The demonstrations of the February Revolution had placed immense pressure the political system at the time, with 128,000 people participating on the first day of the march and eventually growing to 520,000 by March 13th (Gregorian).[14]. On March 20th, the League staged a march with approximately 40,000 women[15], with revolutionary icon Vera Finger in an automobile, from the City Duma to the State Duma to demand the procurement of women's suffrage. Two days later head of the Provisional Government, Prince Lvov assured the granting of women's suffrage, which was made into law weeks later. The prolific nature of women's involvement in the demonstrations and in the political revolution had resulted in the procurement of legal women's emancipation in the framework of the Dual Power structure.

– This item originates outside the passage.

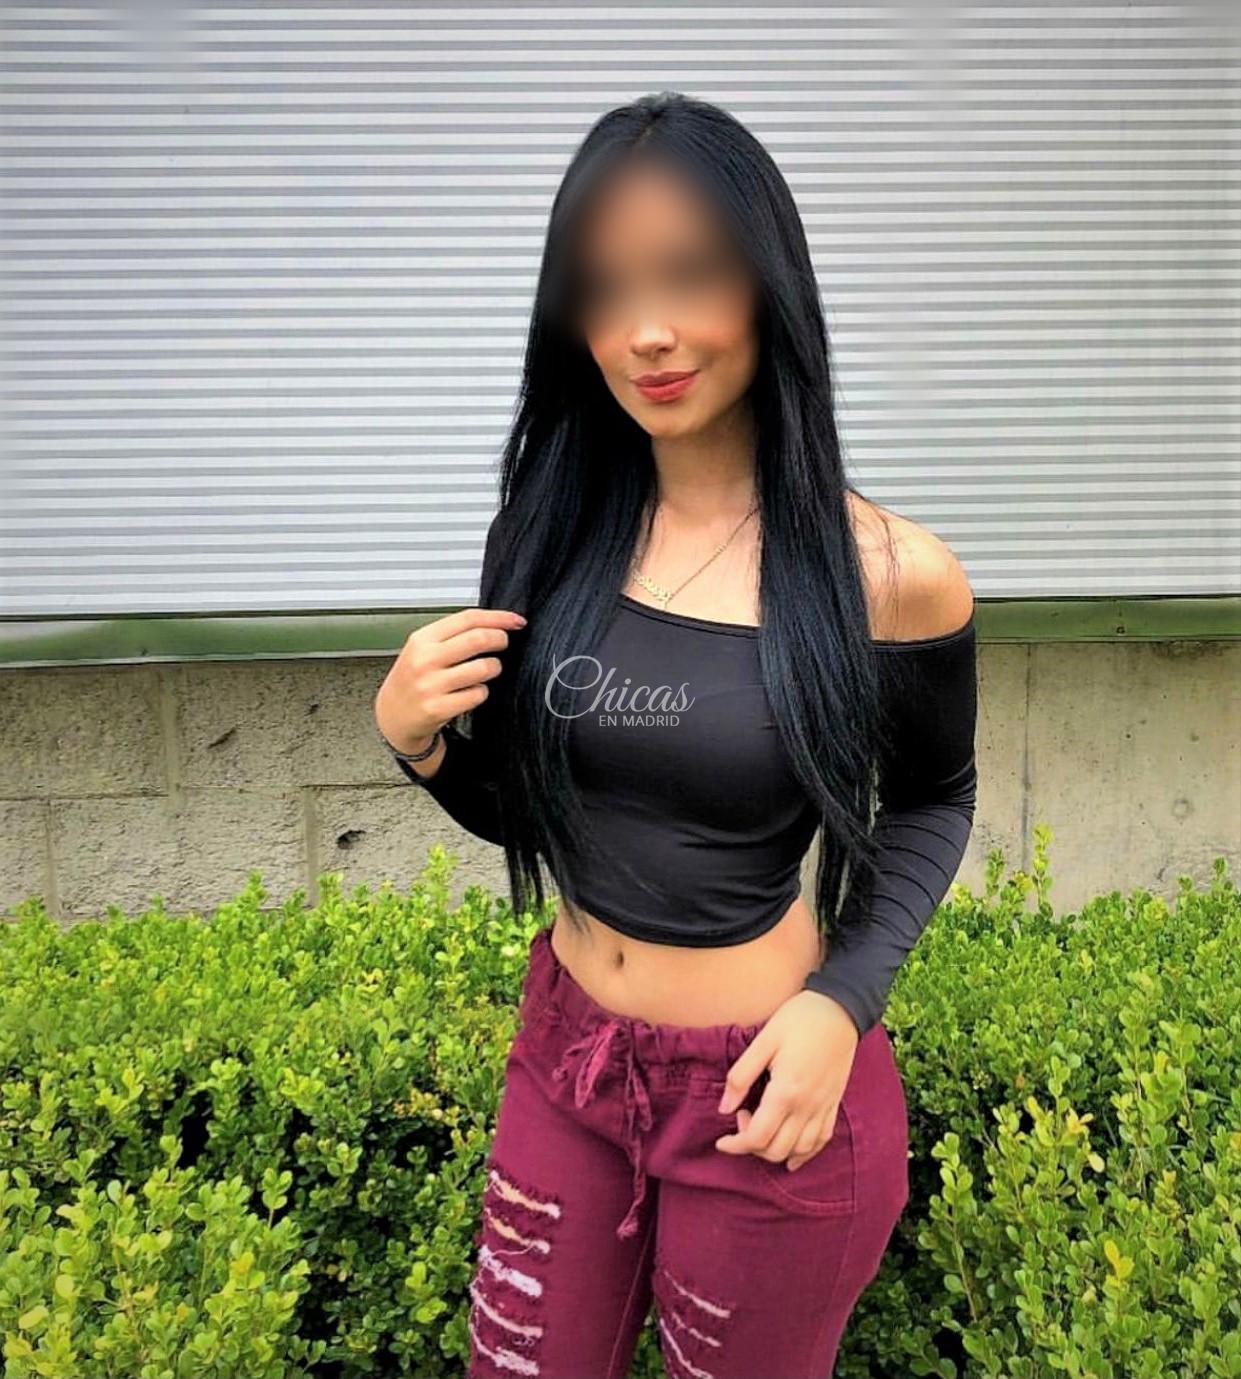 puta, puta venezolana, agencia de escorts, chicas en madrid
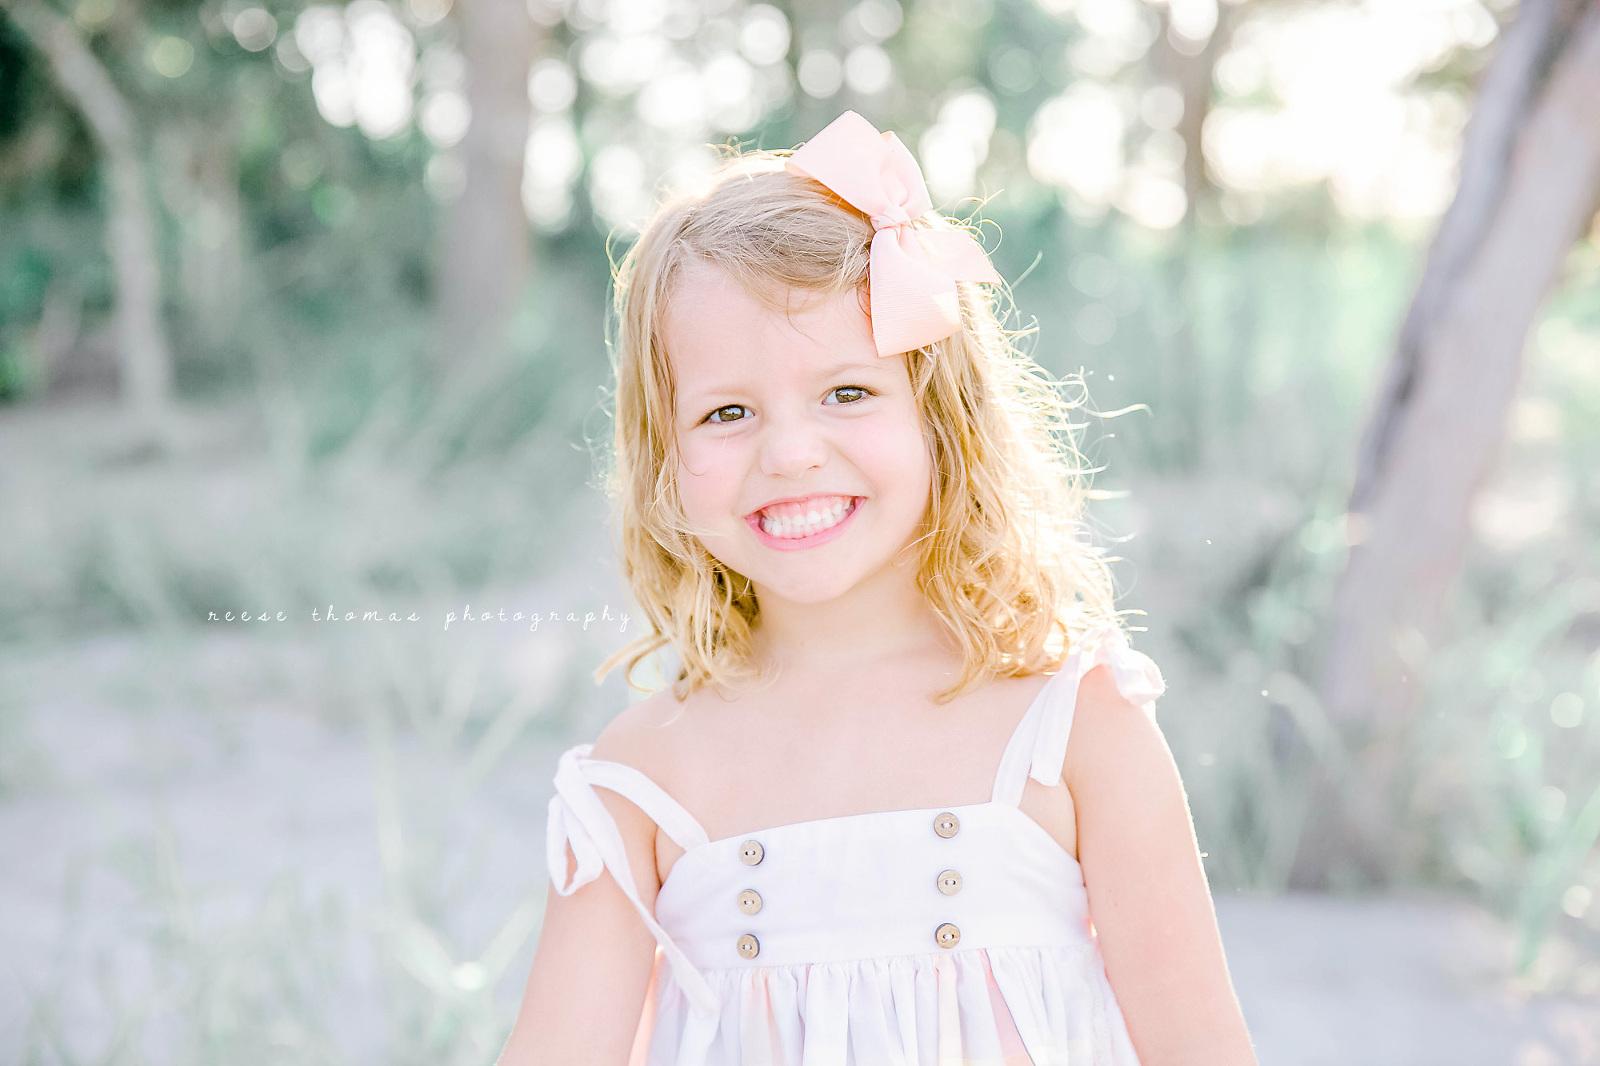 Orange-County-Newborn-Photographer-Colorful-Girl-Portrait

On July 20, 1917, as a result, Russia became one of the world's first major power to grant women the right to vote and hold public office. Ultimately, the Bolsheviks' disillusionment with moderate liberal reforms done by the Provisional Government and the feminists would prove irreconcilable and precipitated to the subsequent October Revolution, in which women would continue to play important roles both for and against the Bolshevik coup.

The Bolsheviks and the October Revolution[edit]

The weakness of the cult of domesticity in the Imperial era facilitated the introduction of innovative Bolshevik policies. After 1905, radical elements increasingly conceptualized women as locked out of the public sphere, where legitimate participation was restricted to men. Without much exposure and involvement in public affairs, reformers and revolutionaries generally viewed women as backward and superstitious, and not to be trusted politically. Some Marxists referred to women workers as the "most backward stratum of the proletariat" and accused them of being unable to develop a revolutionary consciousness without party guidance.[16][17] Many wrote and theorized on the issue, but many Russians associated the issue mainly with feminists. Before the revolution, feminism was condemned as "bourgeois" because it tended to come from the upper classes, and was considered counterrevolutionary because of the perception that it would have divided the working class. Engels' 1890 work on The Women Question influenced Lenin heavily. He believed that the oppression of women was a function of their exclusion from the public production sphere and the relegation to the domestic sphere. For women to have been considered true comrades, the bourgeois family had to be dismantled and women needed full autonomy and access to employment.[18] In light of the participation of women in the February Revolution, the Bolshevik Party began to rethink and restructure its approach to "the women question."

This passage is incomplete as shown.